Please state how many lines in the records that follow include "column", with no other output.
Dataset records section start
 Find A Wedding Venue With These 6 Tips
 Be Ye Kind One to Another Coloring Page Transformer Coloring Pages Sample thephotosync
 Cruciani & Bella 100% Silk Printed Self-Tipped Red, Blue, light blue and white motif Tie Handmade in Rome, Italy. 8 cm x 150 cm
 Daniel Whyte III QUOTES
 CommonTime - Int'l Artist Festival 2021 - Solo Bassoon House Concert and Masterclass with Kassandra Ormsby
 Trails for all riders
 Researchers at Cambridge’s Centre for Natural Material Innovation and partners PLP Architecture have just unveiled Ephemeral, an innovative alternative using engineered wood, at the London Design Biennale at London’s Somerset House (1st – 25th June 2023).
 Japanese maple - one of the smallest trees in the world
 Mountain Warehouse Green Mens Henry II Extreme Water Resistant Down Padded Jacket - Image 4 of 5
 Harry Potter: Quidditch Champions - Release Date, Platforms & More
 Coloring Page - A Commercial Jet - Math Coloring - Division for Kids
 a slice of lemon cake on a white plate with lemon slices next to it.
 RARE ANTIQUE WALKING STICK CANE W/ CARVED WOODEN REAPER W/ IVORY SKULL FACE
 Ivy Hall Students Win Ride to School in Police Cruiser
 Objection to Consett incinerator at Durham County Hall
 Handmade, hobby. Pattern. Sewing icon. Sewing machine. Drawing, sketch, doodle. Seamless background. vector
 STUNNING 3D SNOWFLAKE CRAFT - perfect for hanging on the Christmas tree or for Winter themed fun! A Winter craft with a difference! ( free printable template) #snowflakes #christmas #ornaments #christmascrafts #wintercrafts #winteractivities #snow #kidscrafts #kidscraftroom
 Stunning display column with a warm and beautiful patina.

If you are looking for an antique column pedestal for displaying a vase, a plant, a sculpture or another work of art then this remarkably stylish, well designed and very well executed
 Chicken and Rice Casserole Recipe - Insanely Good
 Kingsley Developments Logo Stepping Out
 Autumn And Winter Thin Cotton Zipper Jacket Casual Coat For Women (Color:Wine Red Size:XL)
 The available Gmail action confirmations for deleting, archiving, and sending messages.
Dataset records section end
• Exercise solution: 2